A leasehold is an interest in real property in which the leaseholder doesn't own a specific piece of property but possesses a long-term lease. It involves a written rental agreement for an extended period of time. A leasehold often refers to improvements on real property when the improvements are built on land owned by one party which is leased for a long term to the owner of the building.

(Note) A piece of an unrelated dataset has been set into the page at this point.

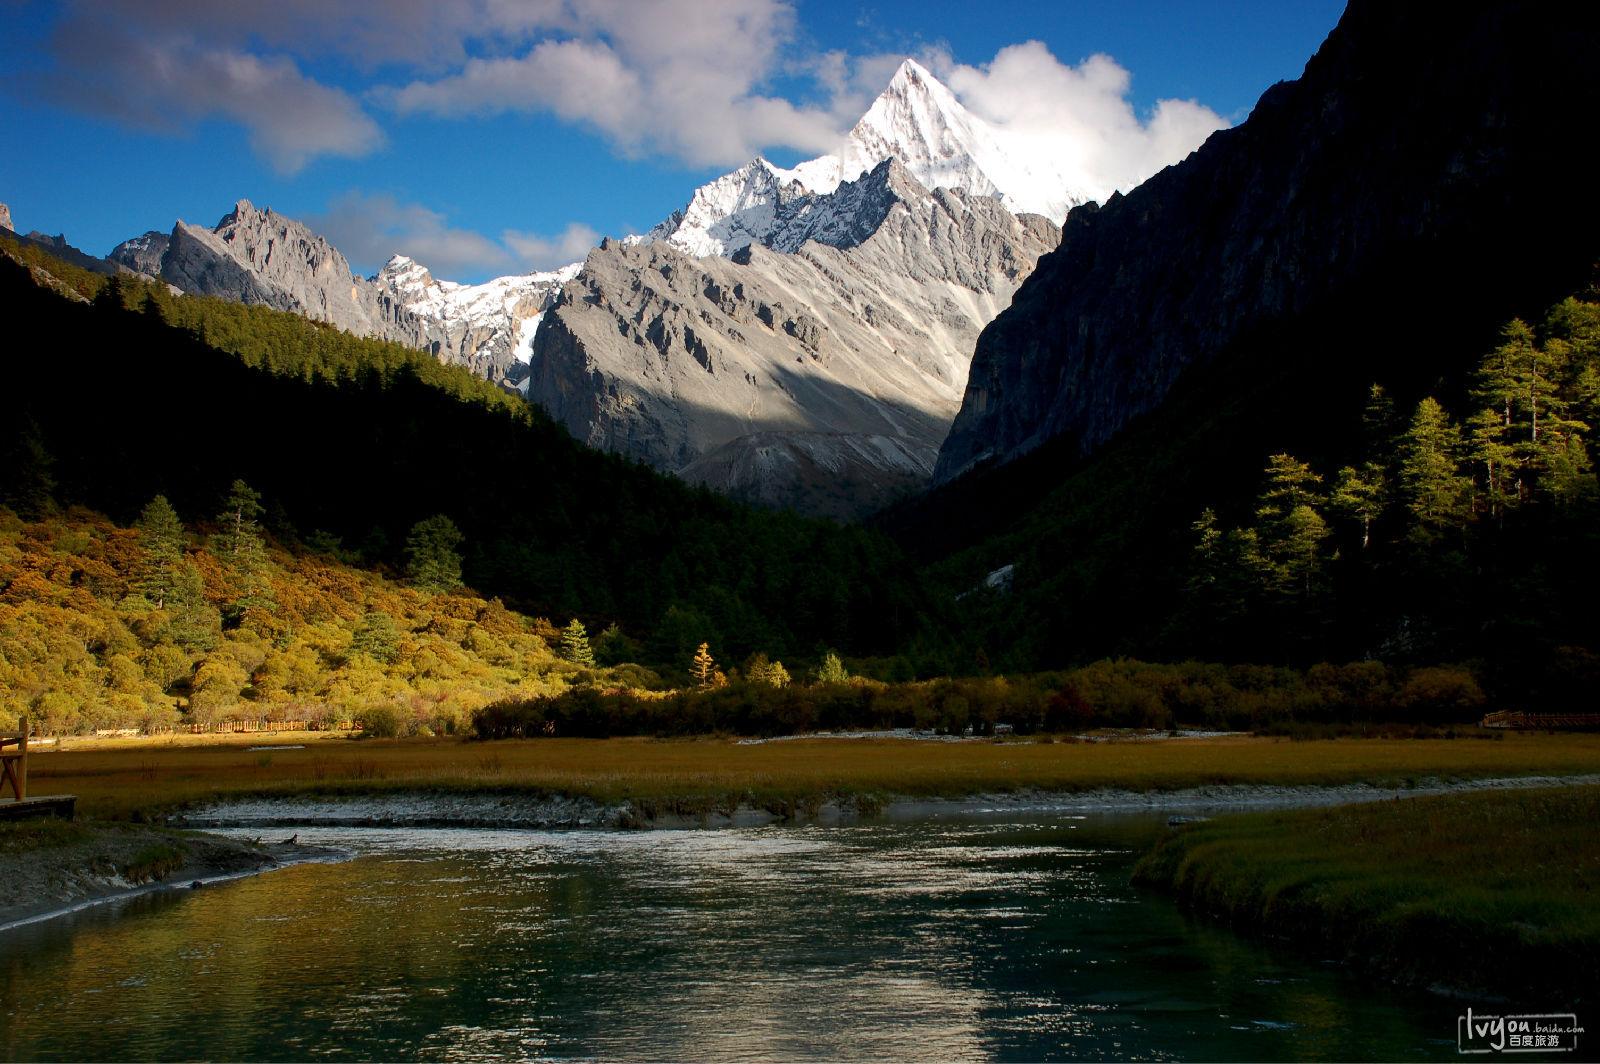 八月出发川西体验最美的川藏公路南线,目的地稻城亚丁.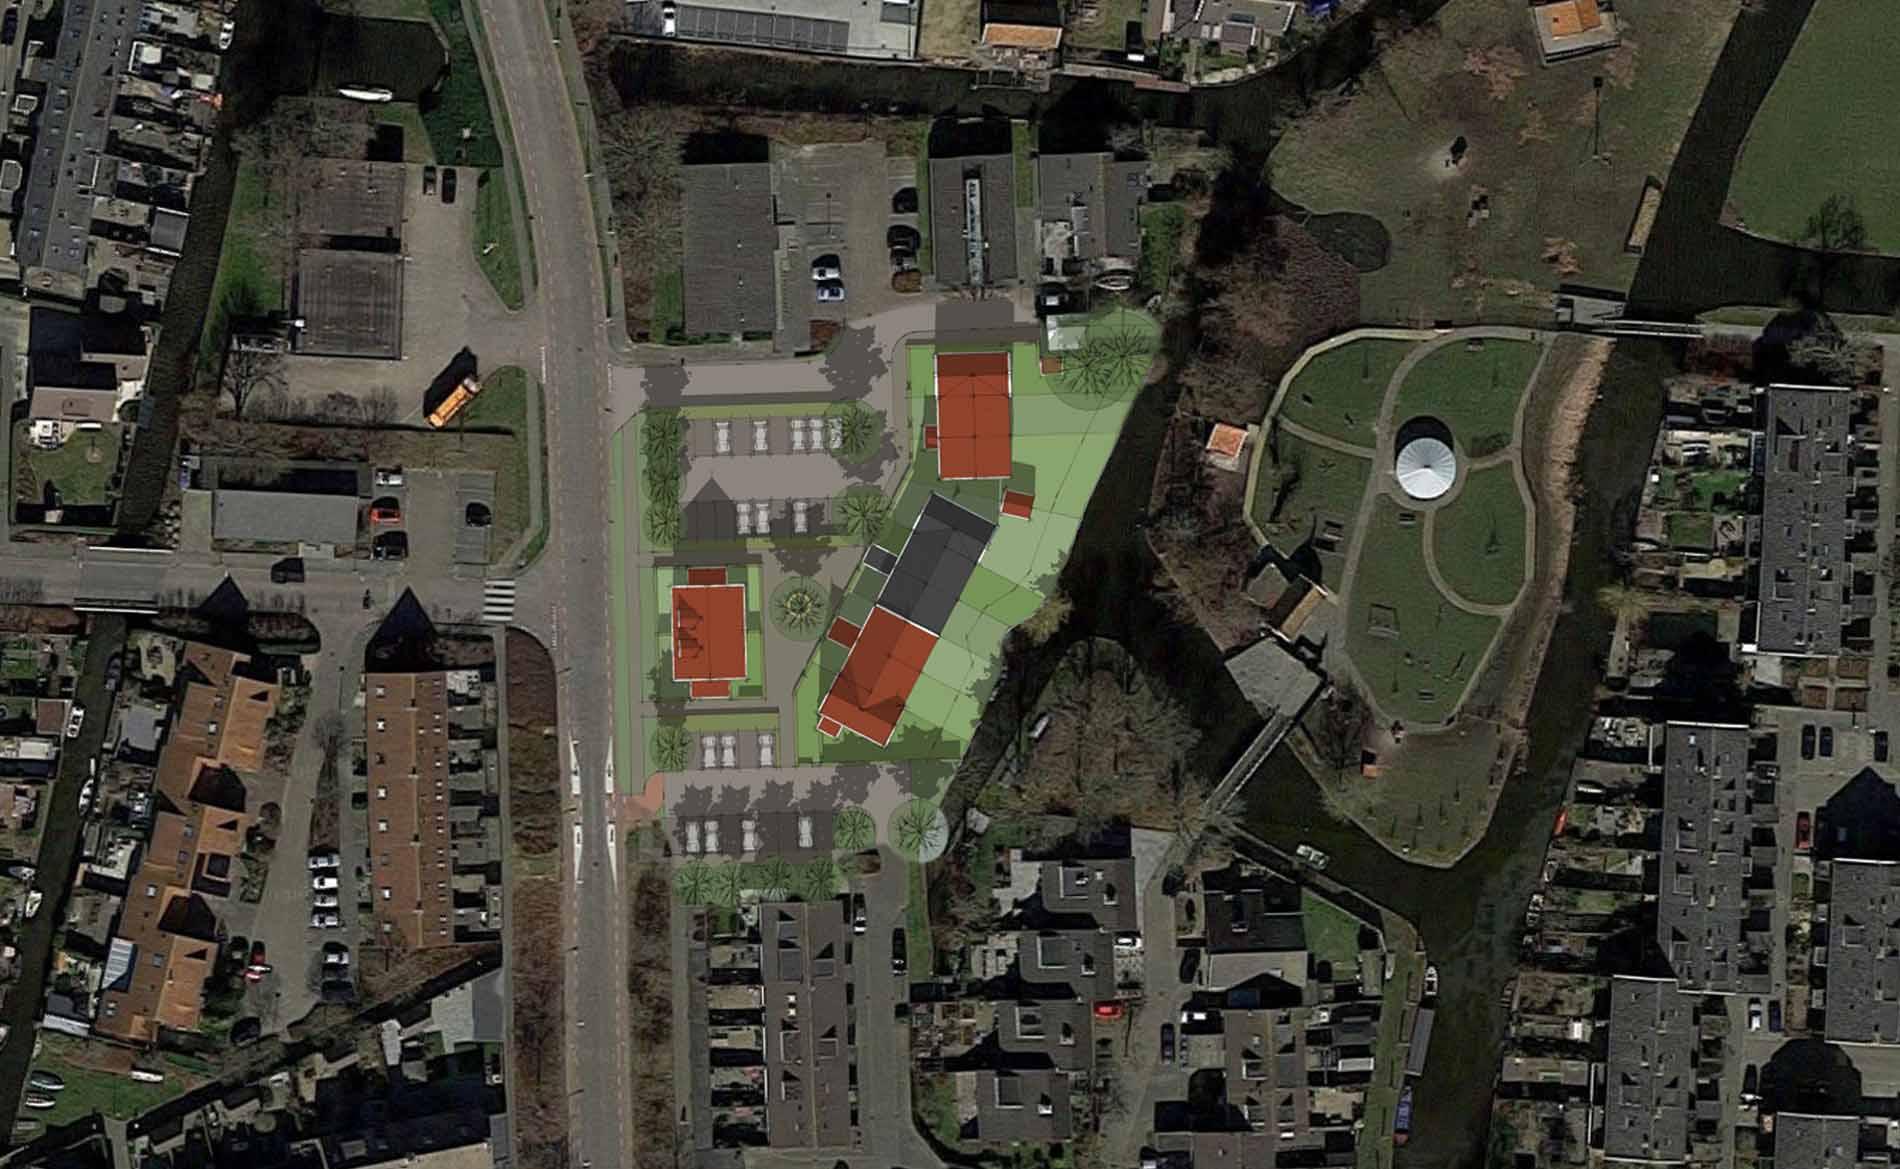 stedenbouwkundig plan ontwerp dorps Sloep De Rijp BBHD architecten

The following is an example of a state statute governing leaseholds:
(1) "Leasehold interest" shall mean an interest in publicly owned real or personal property which exists by virtue of any lease, permit, license, or any other agreement, written or verbal, between the public owner of the property and a person who would not be exempt from property taxes if that person owned the property in fee, granting possession and use, to a degree less than fee simple ownership: PROVIDED, That no interest in personal property (excluding land or buildings) which is owned by the United States, whether or not as trustee, or by any foreign government shall constitute a leasehold interest hereunder when the right to use such property is granted pursuant to a contract solely for the manufacture or production of articles for sale to the United States or any foreign government. The term "leasehold interest" shall include the rights of use or occupancy by others of property which is owned in fee or held in trust by a public corporation, commission, or authority created under RCW 35.21.730 or 35.21.660 if the property is listed on or is within a district listed on any federal or state register of historical sites. The term "leasehold interest" shall not include road or utility easements, rights of access, occupancy, or use granted solely for the purpose of removing materials or products purchased from a public owner or the lessee of a public owner, or rights of access, occupancy, or use granted solely for the purpose of natural energy resource exploration.